===== SUPPLIED DATA =====
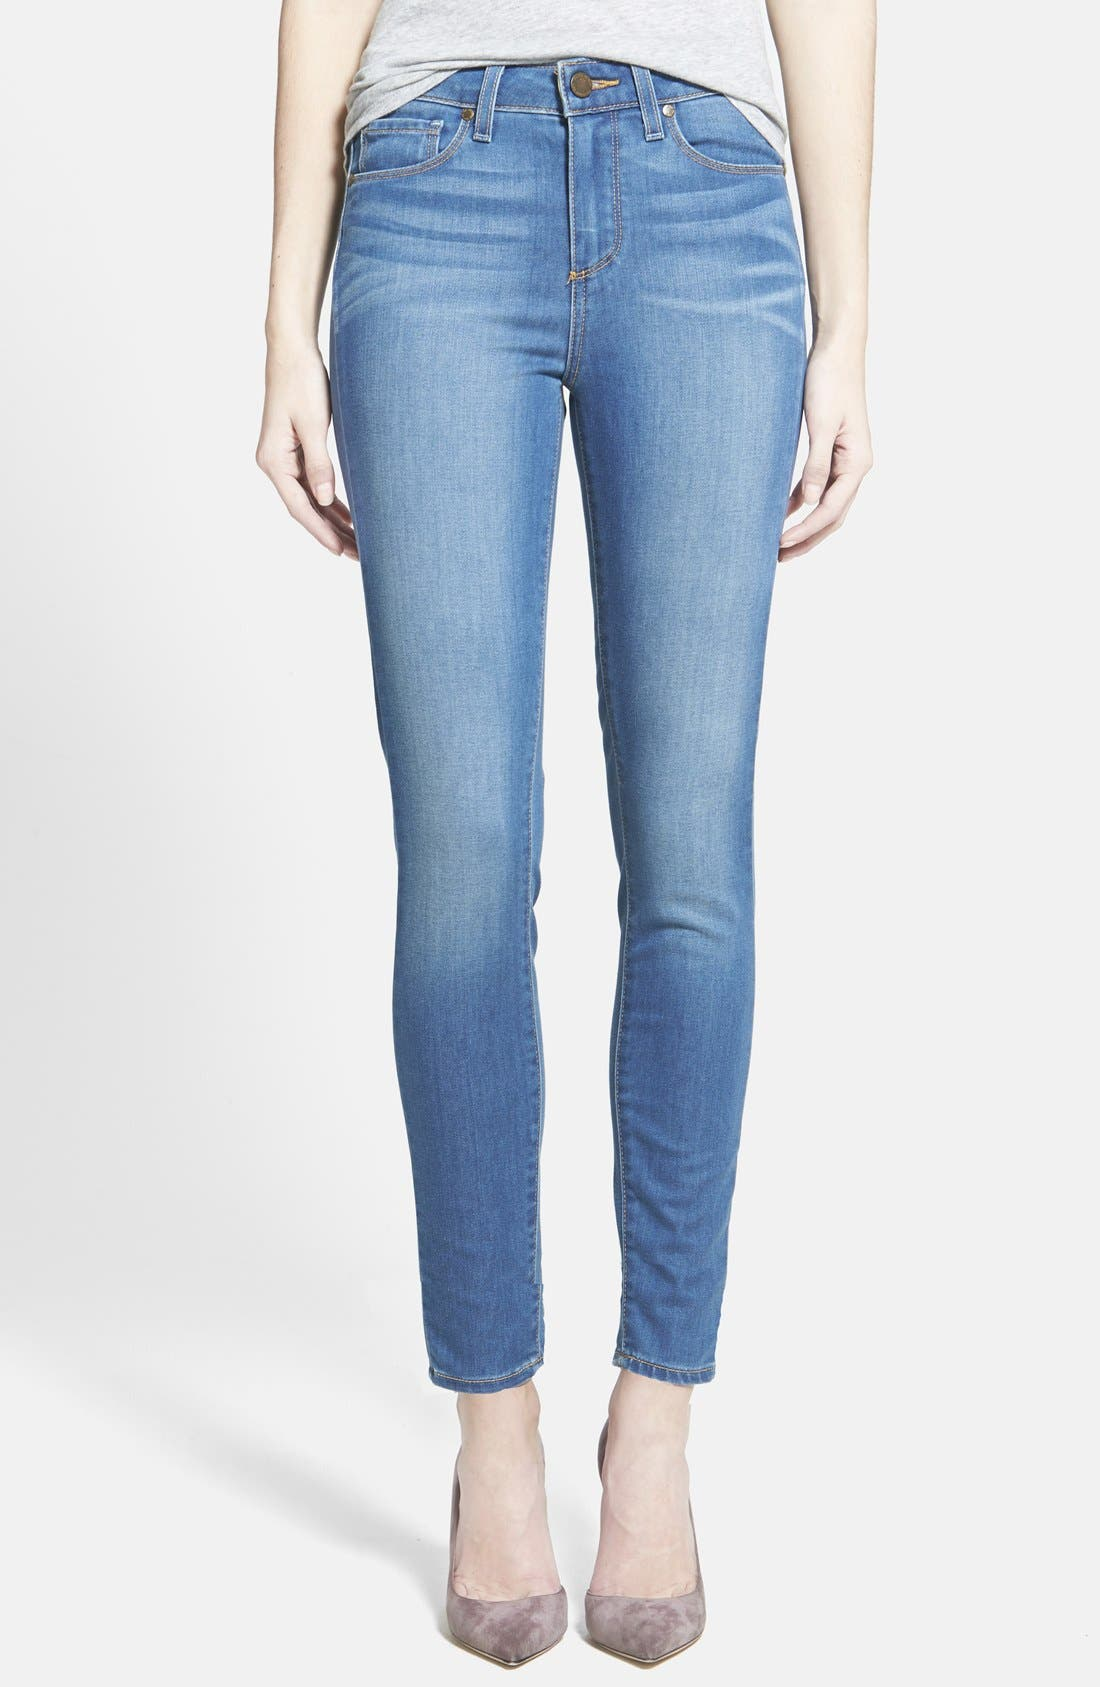 Alternate Image 1 Selected - Paige Denim 'Hoxton' Skinny Ankle Jeans (Halstead Blue)
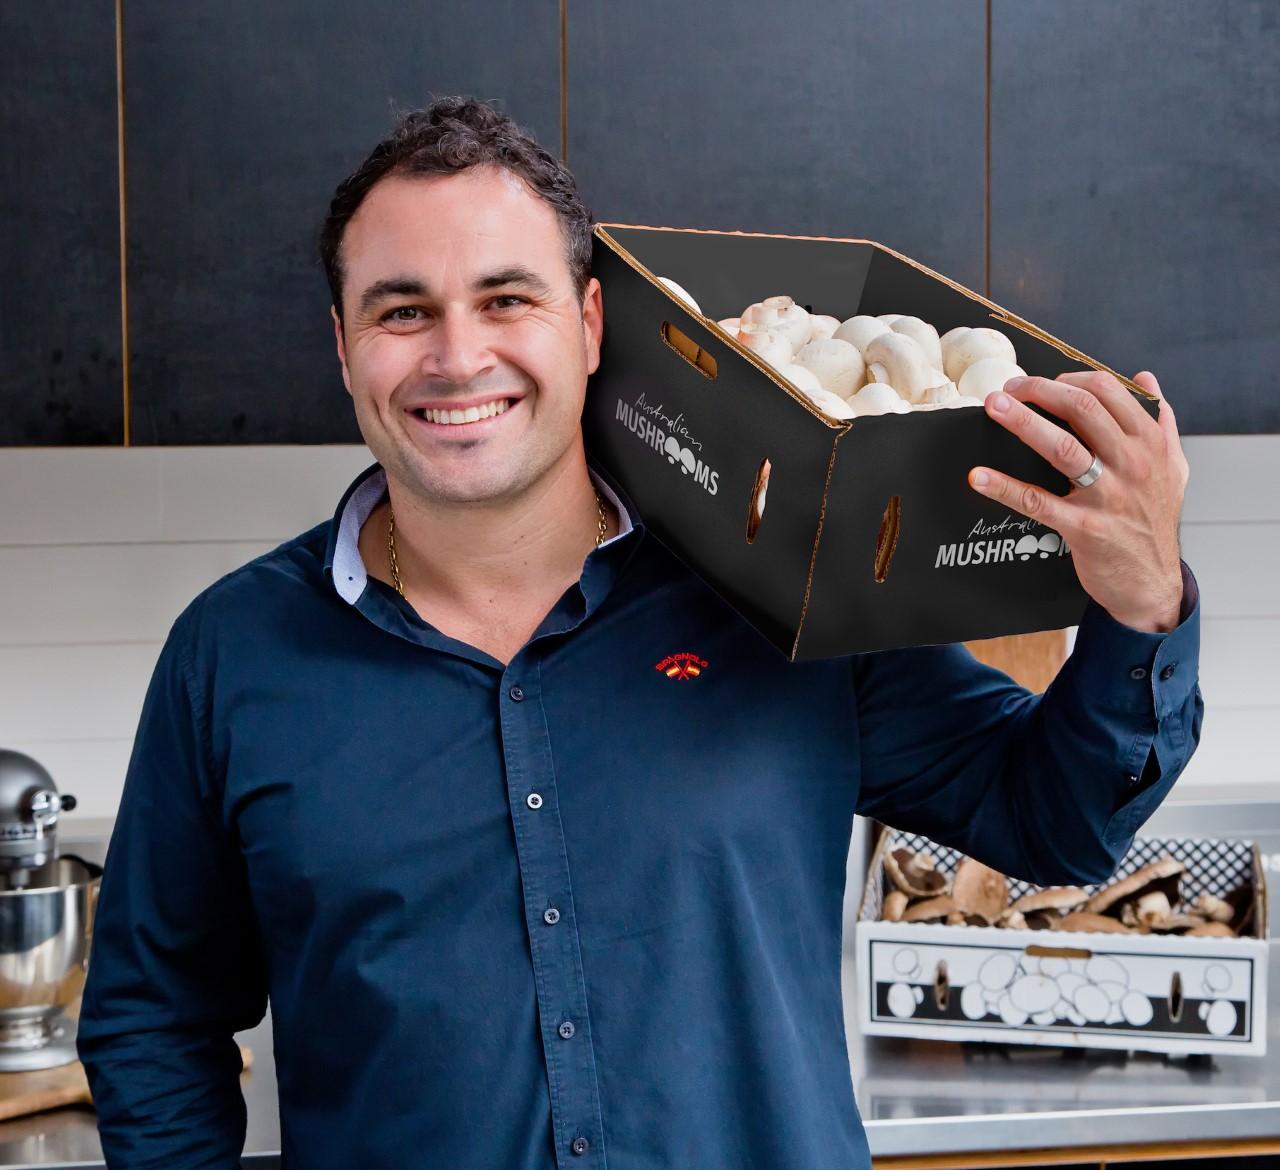 Miguel Maestre, australian mushrooms
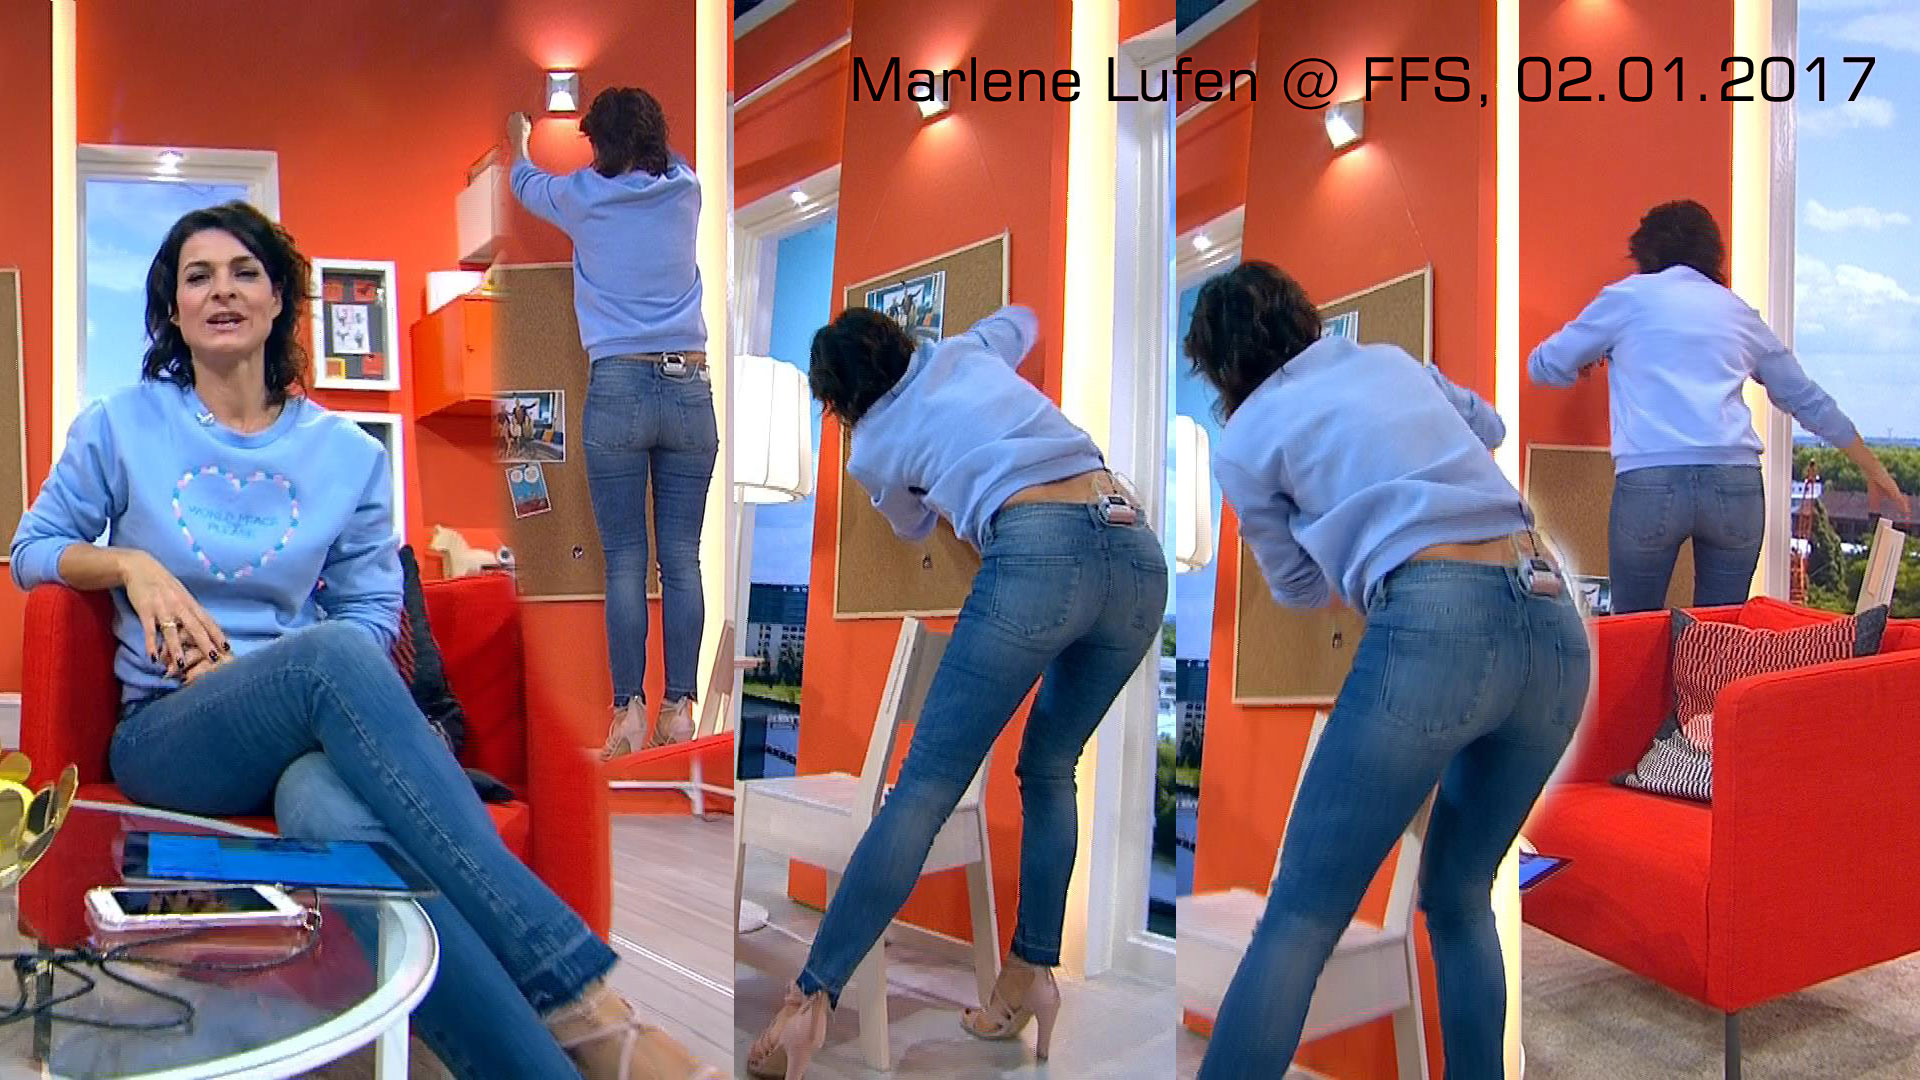 Marlene_Lufen_-_Jeans-Arsch_Butt_FFS_02.01.2017.jpg
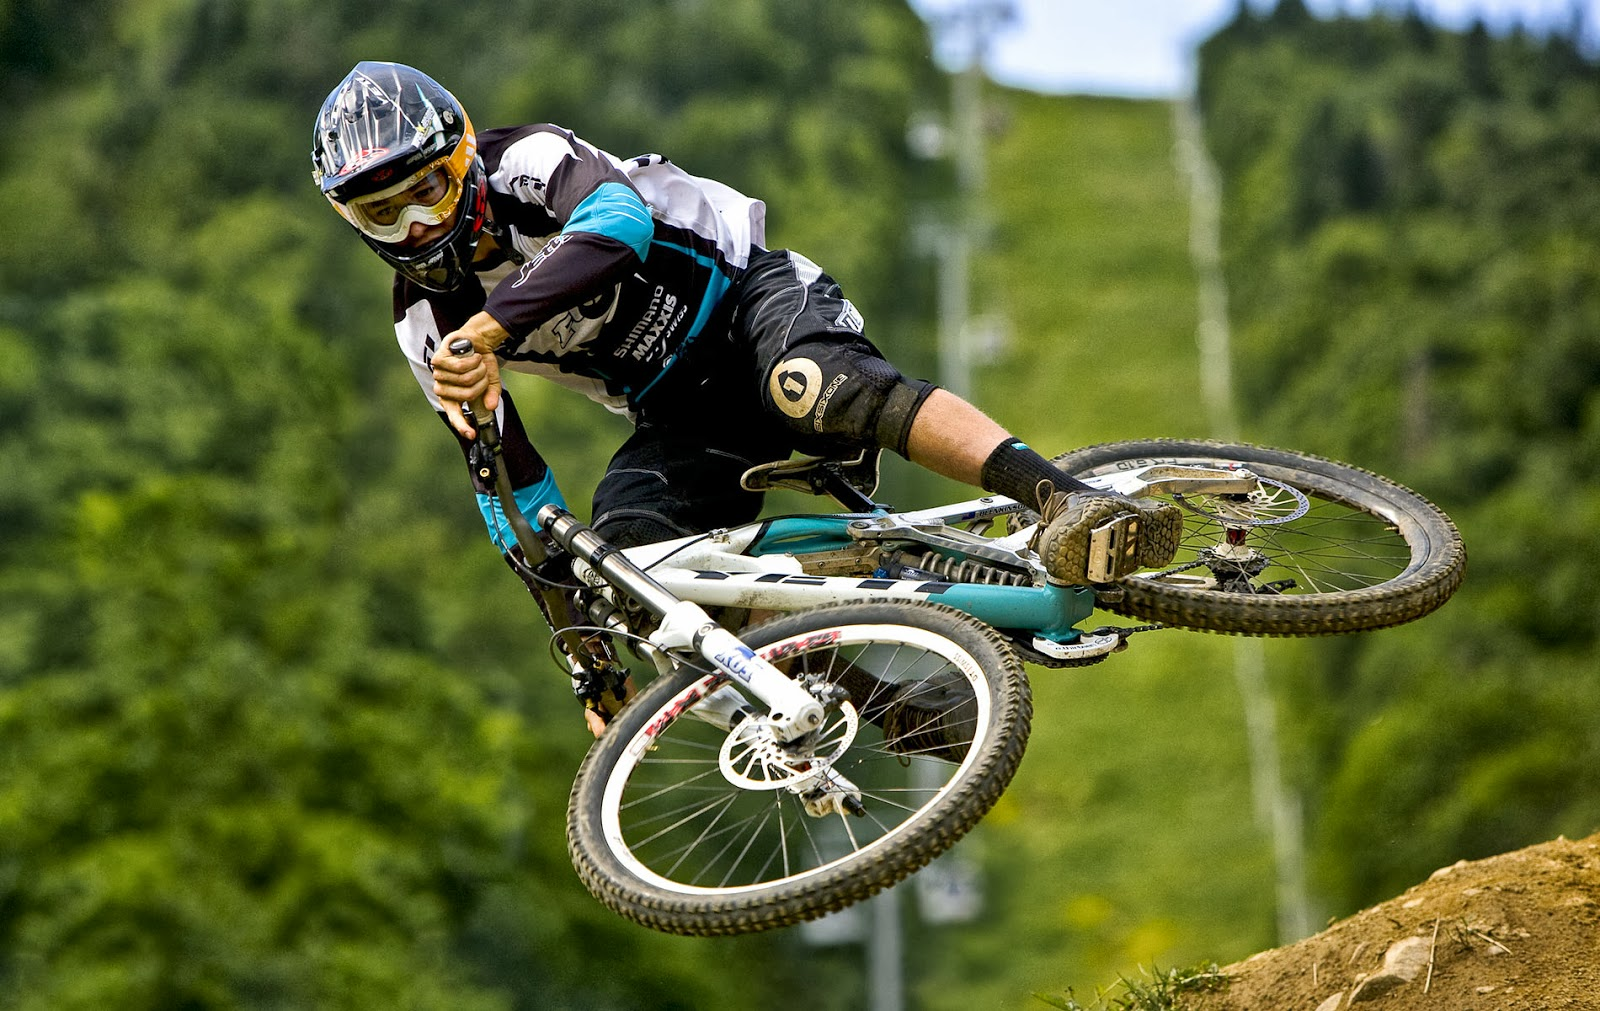 Super Sport Bikes New 2013 Hd Wallpapers  New Santa Banta-4944
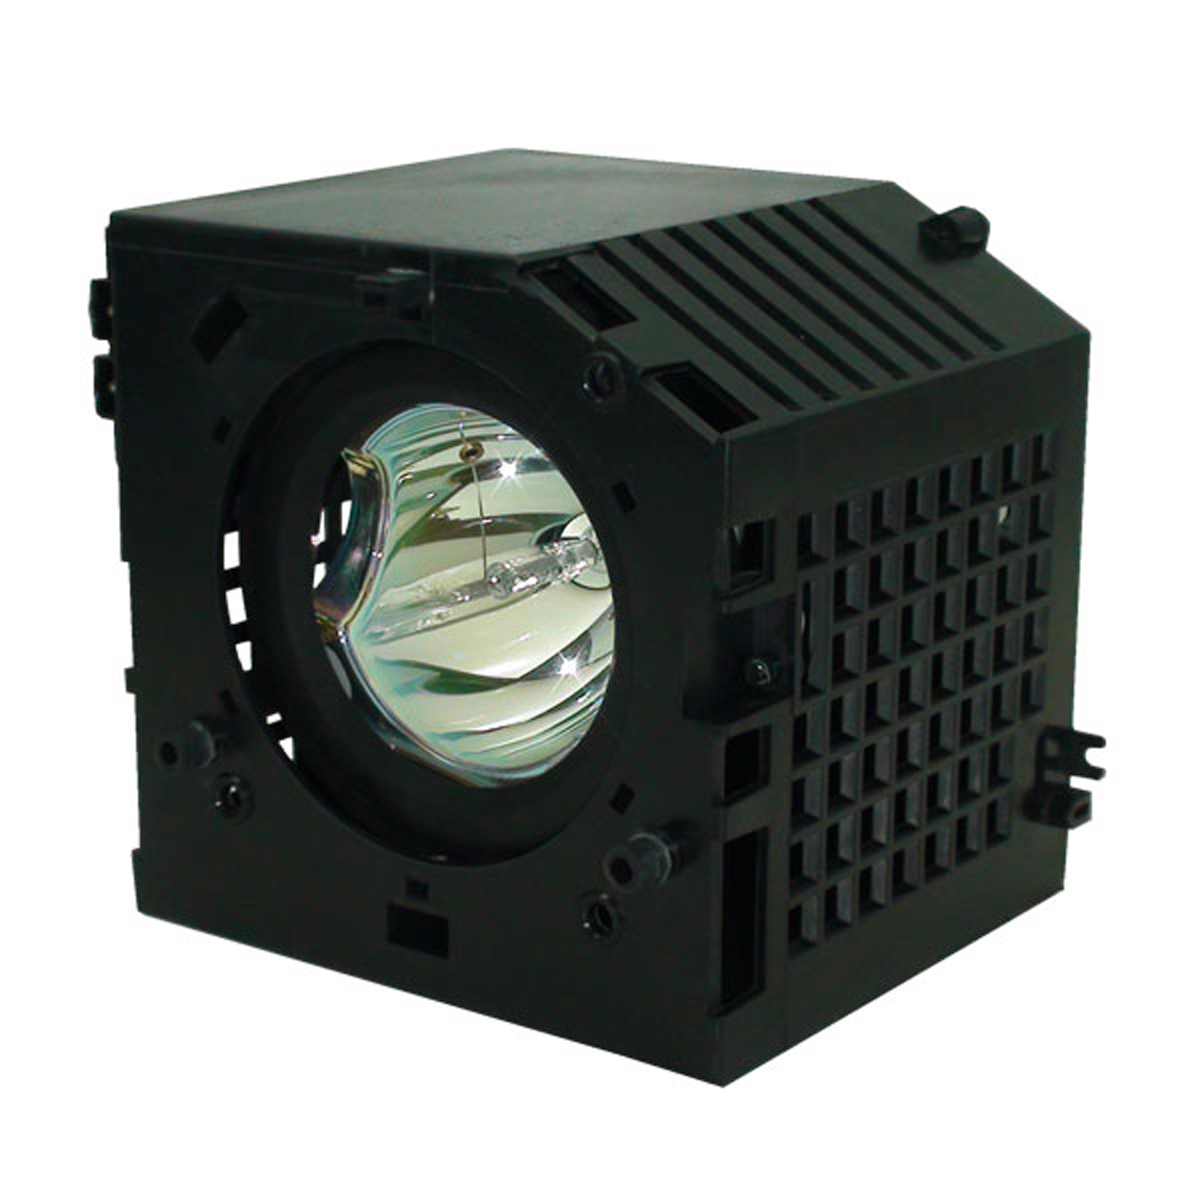 Zenith 6912B22007B TV Lamp
=====
_WHAT TO WORK ON_: Print every record above exactly as written, leaving out the pictures.

_RESULT OF THE TASK_:
 Alternate Image 1 Selected - Paige Denim 'Hoxton' Skinny Ankle Jeans (Halstead Blue)
 Miguel Maestre, australian mushrooms
 Marlene_Lufen_-_Jeans-Arsch_Butt_FFS_02.01.2017.jpg
 Super Sport Bikes New 2013 Hd Wallpapers  New Santa Banta-4944
 Zenith 6912B22007B TV Lamp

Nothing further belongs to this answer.